The holidays can be a difficult time for those who have converted to Islam, with many feeling torn between their newfound faith and the culture of their upbringing. For some converts, there is confusion as to whether it’s okay to celebrate certain occasions like Thanksgiving or Christmas due to popular societal pressures. On top of this conflict in beliefs, there may also be an emotional rift among family members caused by religious differences, further exacerbating loneliness during holidays.
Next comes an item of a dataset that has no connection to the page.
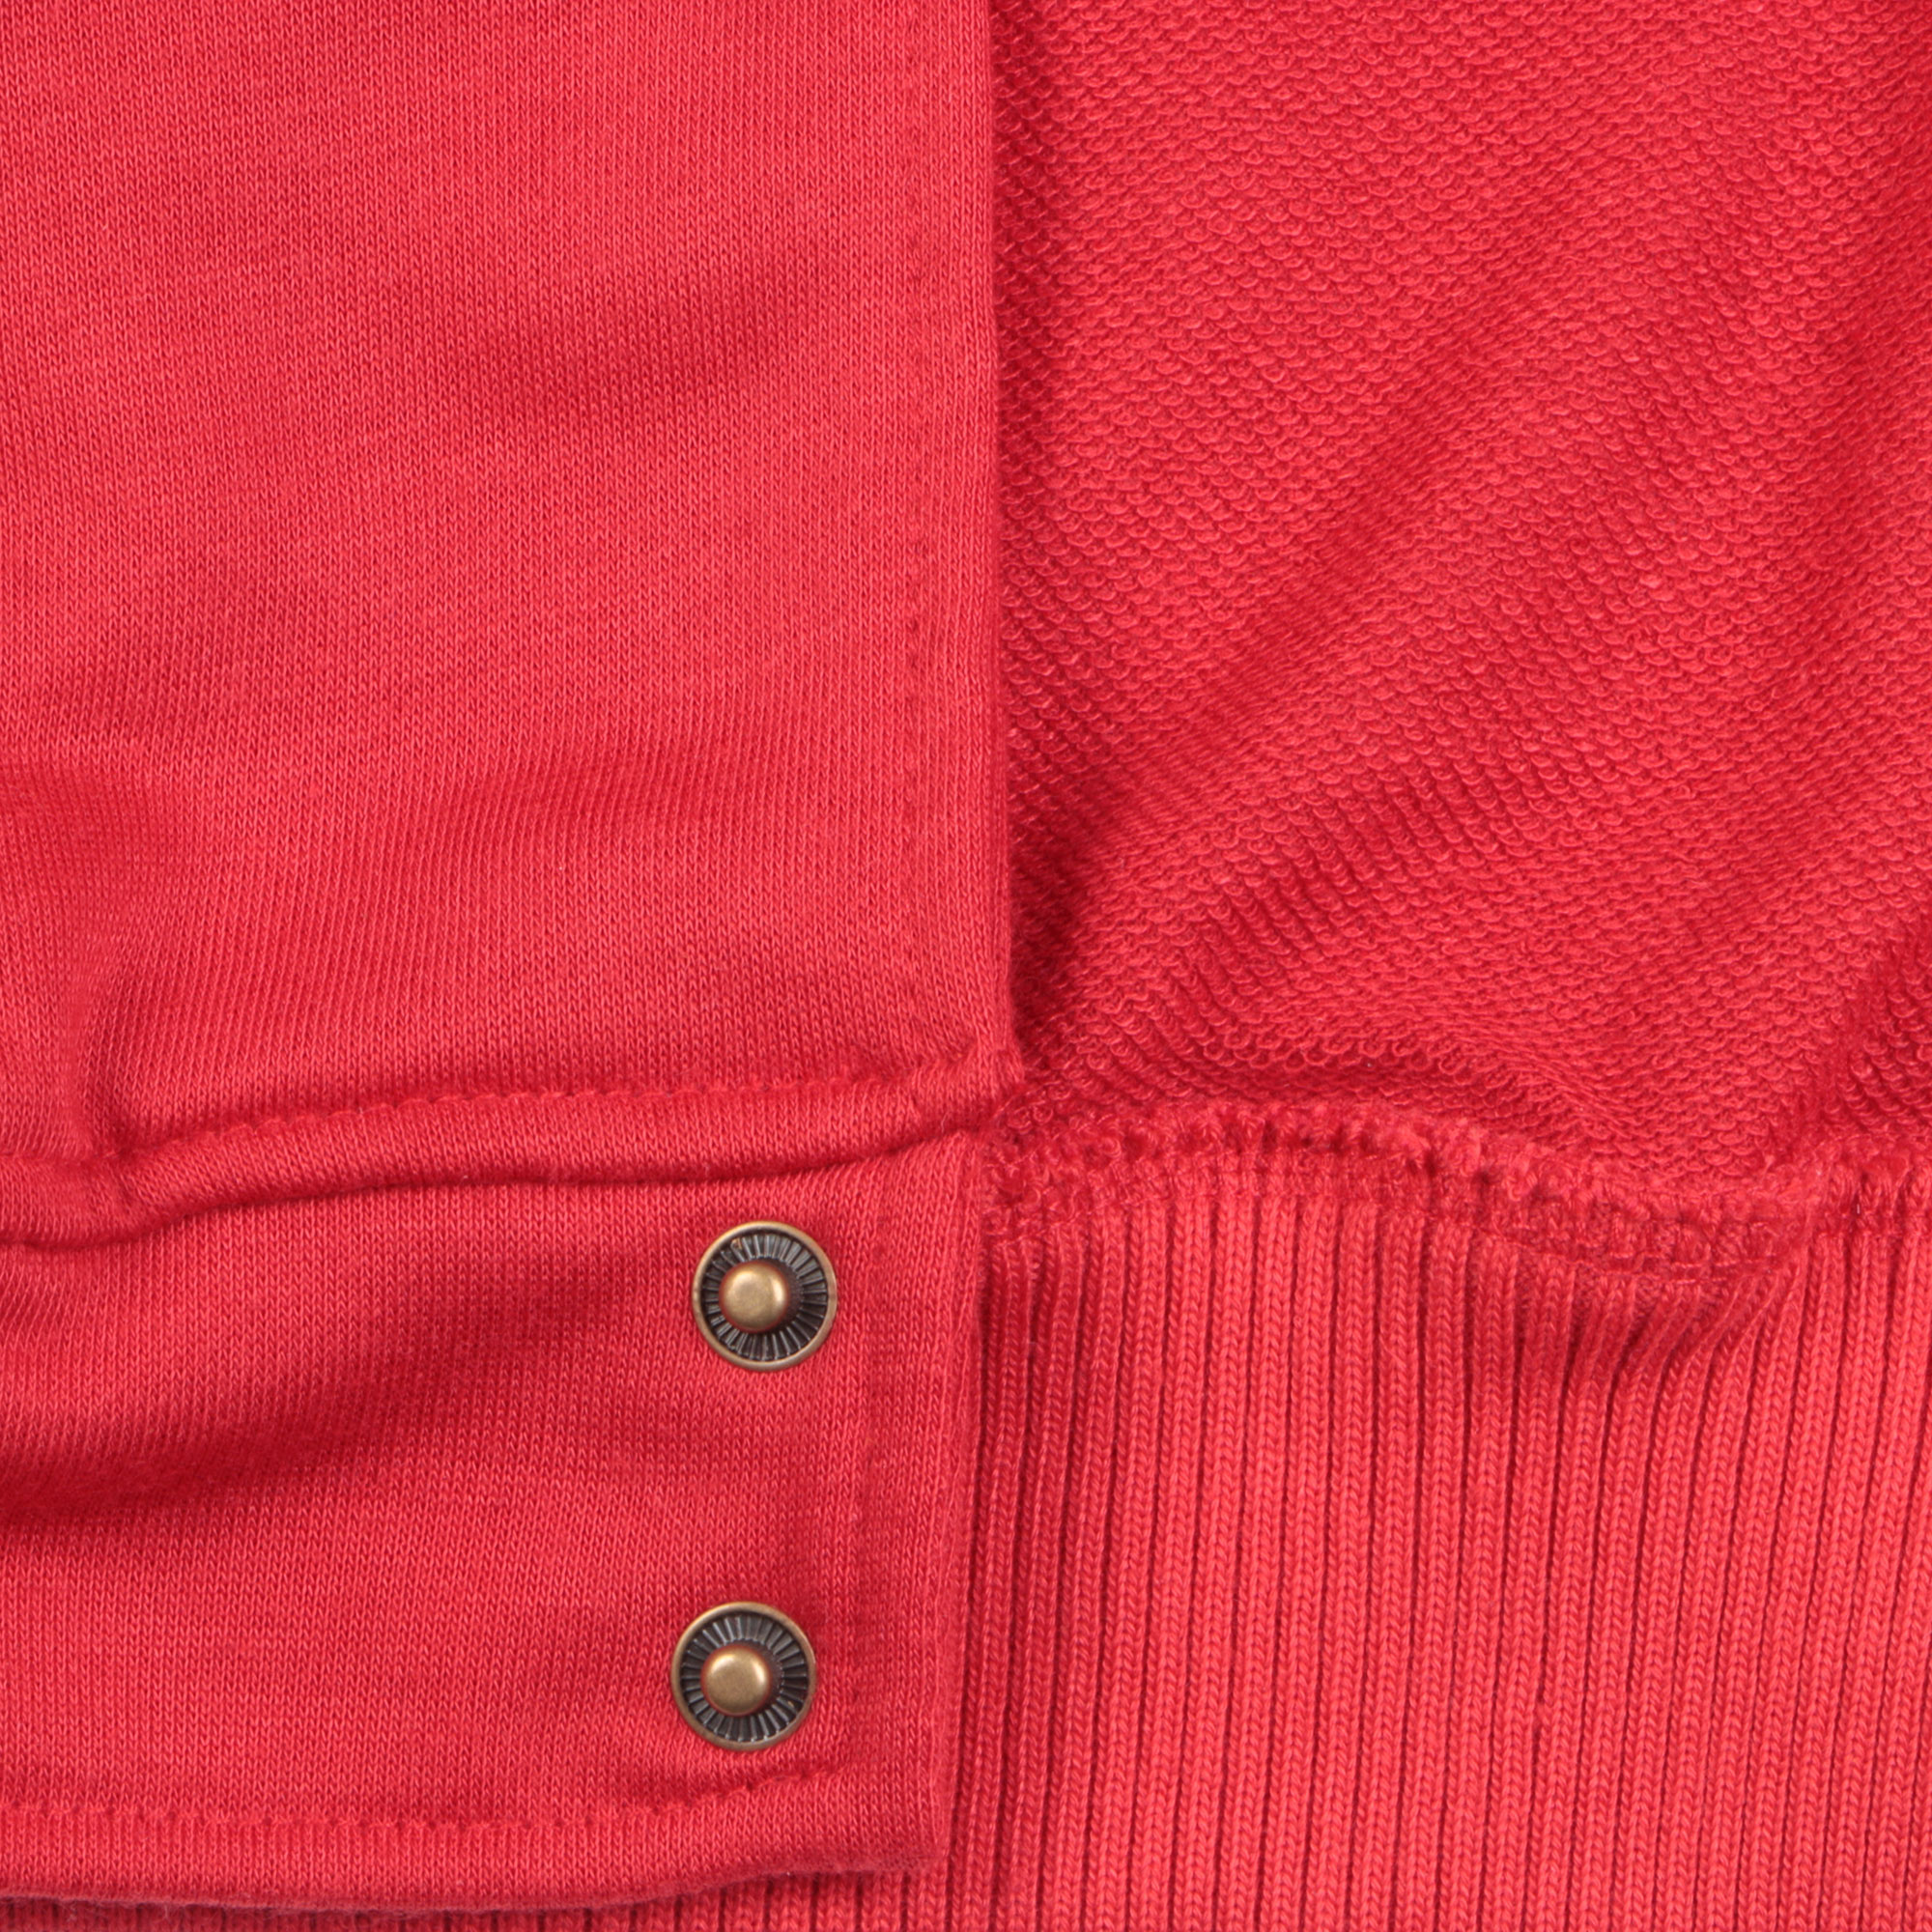 Бомбер Garment красный/белый XL хлопок, размер XL - фото 4

For converts, holidays provide a beautiful opportunity to connect with their families. If you’re joining them this season, keep these few reminders in mind for an enjoyable experience:
1. Declare your niyyah.
Honouring our parents and family is part of our Islamic duty, so we should join them for the sake of Allah rather than the holiday celebration itself. With the right intentions, you may earn Allah’s pleasure with your visit.
2. Mind your actions.
Strengthen your relationship with family and friends through a meaningful exchange and connection over games or meals. While these connections are encouraged in Islam, worship of anything other than Allah is strictly prohibited on our faith’s path to righteousness. Take that knowledge into consideration throughout all actions so the proper steps remain prioritized at each stage of your journey!
3. Avoid the haram.
When attending a family gathering, there may be customs that conflict with your beliefs. To accommodate differing views and still remain true to yourself, gently ask if alcohol or pork can be omitted during the time you’re present. You could also request rituals of religious significance to take place at either the beginning or end of your visit so that you have an option as needed – most people will likely appreciate respecting this boundary to share quality time with their loved ones.
If you’ve lost connection with your family or simply can’t be with your family in person, there are still ways to make the most of your time.
- Rekindling relationships is never an easy task, especially when it has been a long time since your last connection with family. But the holidays offer a special chance to try and bridge any gaps that may have formed over time – think of how much joy you could bring them by reaching out! Why not write up some thoughtful words in a card or give them a call? Nostalgia runs deep these days; make one more effort this holiday season and let those bonds be re-strengthened.
- During the holidays, it’s essential to take time for self-care and respect your limits. For many Muslims who can’t or don’t want to reconnect with their family during this season, plenty of activities still foster togetherness within the community. Whether it be a spiritual retreat, an educational lecture series or even just gathering at someone’s home for a potluck dinner – ask Muslim friends what they’re doing on Christmas Day, as these moments offer an opportunity for joyous celebrations!
- You can also spread a little joy this holiday season and help make the world a better place. Volunteer your time at homeless shelters or soup kitchens to brighten someone else’s day – it could even end up cheering you up too!